The corona was half-grown, riding on a column of jetted hot air, and papio wings couldn’t fly that fast. The impact took no time. The fletch was intact, full of people and hydrogen and machinery and ammunition, and then it was bored through and torn to shreds, all of those pieces hanging fixed in the air while the corona continued to rise, giving no signs of slowing.
More coronas appeared. All of them were young, all rocketing past the landing, and Diamond put his hands on his stubbly head and yanked at his ears while his mouth twisted in anguish, leaking a moan, numbing breathless fear rendering him impossible heavy.
The fletch was shattered and now falling, but the sound of that titanic impact finally arrived—bladders bursting, the skeleton shattering—and buried inside that uproar was a voice and a name, and it took another moment for him to recognize the name.
“Diamond,” said the voice.
Seldom was standing directly in front of him.
Elata was holding Seldom’s arm, dragging him along. She hadn’t noticed Diamond. She intended to pull her friend back to the building, and to help keep Seldom moving, she shouted, “Go,” and, “Go,” again with a furious hoarse voice.
The three of them ran.
And the coronas raced past, turning the landing bright and purple with red waves and twisting flashes of blue and gold. Giants by the hundreds were rising, and the air shook with their jets, and the entire landing jumped while the cannons fired as fast as they could, except it was easy to miss hearing any of them.
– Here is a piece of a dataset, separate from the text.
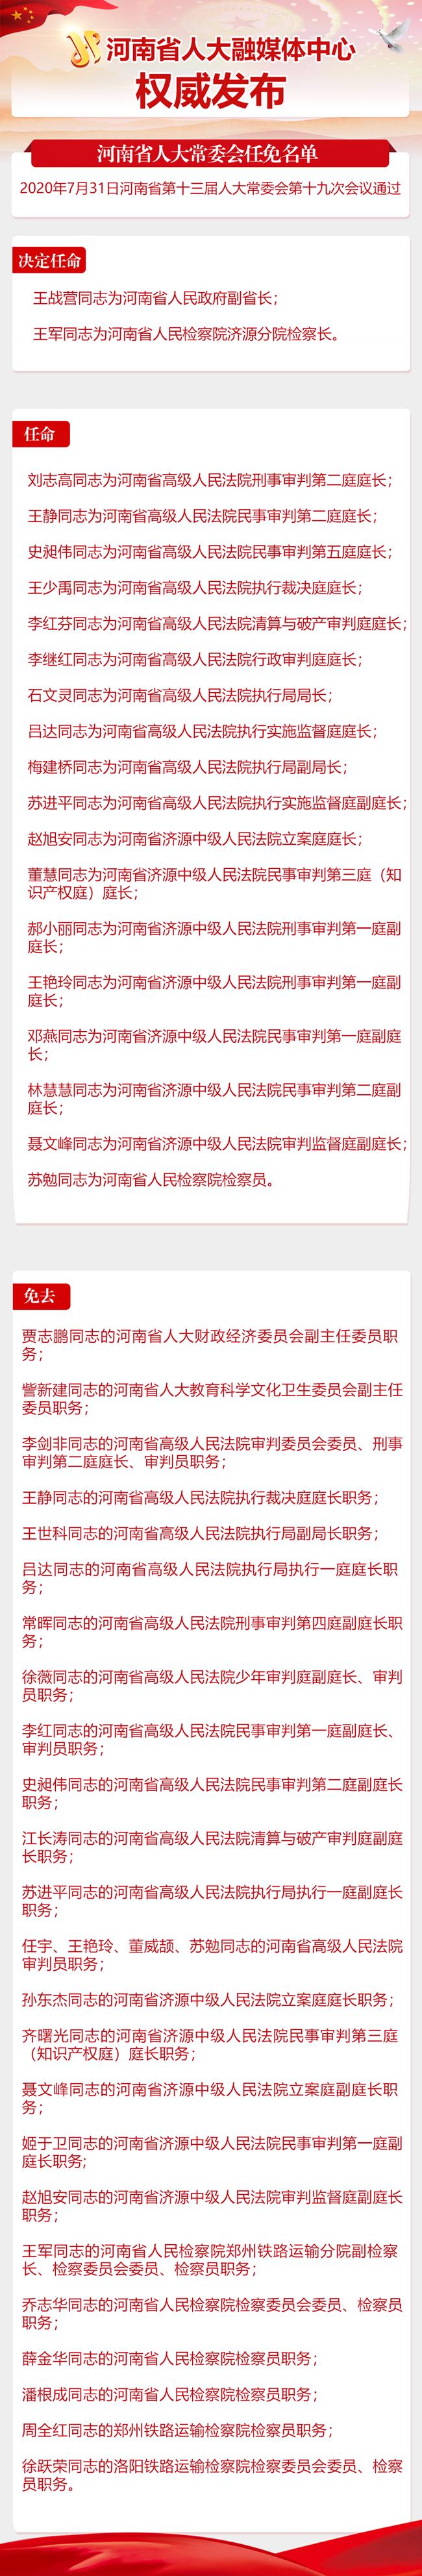 河南省人大常委会任免一批干部

Elata was holding Diamond’s hand now, not Seldom’s, and nobody could remember how that happened.
Every doorway into the abattoir was closed. Desperate people were shoved against the small doorway where they entered earlier. The first row of bodies kicked the steel and begged in high shrieking voices, and then the next ranks pushed against them, leaving no room to kick and no breath to use in their pleading. Seldom tried to claim Elata’s other hand, except she was still carrying her purse. She looked at him and then Diamond, surprised to find him joined to her. She wanted to be pleased. The beginnings of a smile shone in the corona light, and then something was above them, close and coming fast, and she flinched reflexively and the other two knelt with her, and a corona fell onto the landing, first with its heads and ropy limp necks and then its exhausted, doomed body.